Taking the first steps to getting your own authority

 ( Photo: Truckstockimages.com )

(Photo: Truckstockimages.com)

If you have been a truck driver for years and decided now is the time to strike out on your own, congratulations. There are many resources available to help you, and a number of Facebook groups that have popped up to give drivers and owner-operators at all stages of their careers advice. The Rate Per Mile Masters group is one of the best, with its over 22,000 members always ready to offer advice where needed.

But, even with that level of advice available to you, getting started requires some initial research on your own. The Federal Motor Carrier Safety Administration outlines the steps you have to take to get your own operating authority, and what you have to do to keep it. Even the best advice can’t protect you if you’ve already committed a violation that leads to FMCSA fining or even shutting down your operation.

According to FMCSA, any new entrants need to start by filling out an MCS-150 “Combined Motor Carrier Identification Report.” The MCS-150 and the related OP-1 series forms, which provide authority status for property hauling, broker, freight forwarding, etc., are necessary forms to get started. However, OP-1 Series forms can only be used to apply for additional operating authorities. New registrants must use the Unified Registration System for initial authority.

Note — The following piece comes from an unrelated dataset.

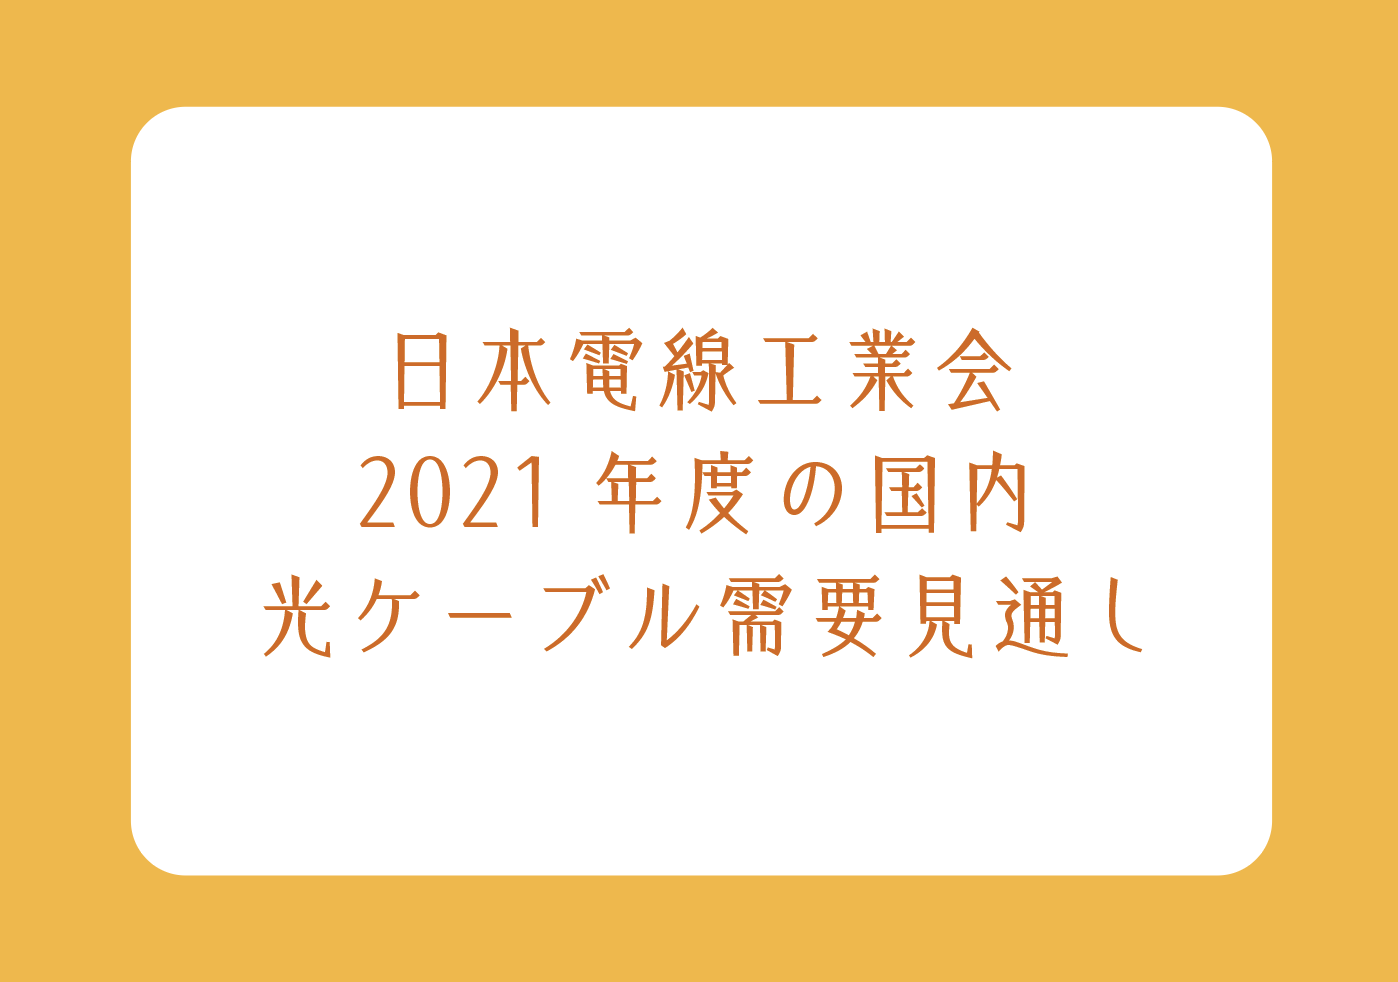 日本電線工業会 2021年度の国内 光ケーブル需要見通しの画像

You must apply for a MC number as well as a DOT number. When applying for MC number, it’s important to choose the correct operating authority, as application fees are not refundable.

Once the paperwork is submitted and approved, you are not done with FMCSA. The agency will monitor all new entrants for 18 months and conduct a safety audit or review within the first 12 months. During this review, the new operator must show they are operating safely, maintaining up-to-date records, conducting periodic inspections (including roadside inspections) and performing necessary maintenance on their vehicles, and pass the safety audit.

If FMCSA is then satisfied with the results, permanent authority will be granted.

During the safety audit, if any of these problems are found, it will result in an automatic failure:

Alcohol and Drug Violations

  • No alcohol and/or drug testing program.
  • No RANDOM alcohol and/or drug testing program.
  • Using a driver who refused a required alcohol or drug test.
  • Using a driver the company knows had a blood alcohol content of 0.04 or greater.
  • Using a driver who failed to complete required follow-up procedures after testing positive for drugs.

Driver Violations

  • Using a driver without a valid CDL.
  • Using a disqualified driver.
  • Using a driver with a revoked, suspended, or cancelled CDL.
  • Using a medically unqualified driver.

Operations Violations

  • Operating a motor vehicle without having in effect the required level of insurance.
  • Failing to require drivers to make hours-of-service records.

Repairs and Inspections Violations

  • Operating a vehicle declared Out-of-Service for safety deficiencies before repairs are made.
  • Not performing OOS repairs reported in driver-vehicle inspection reports (DVIRs).
  • Operating a CMV not periodically inspected.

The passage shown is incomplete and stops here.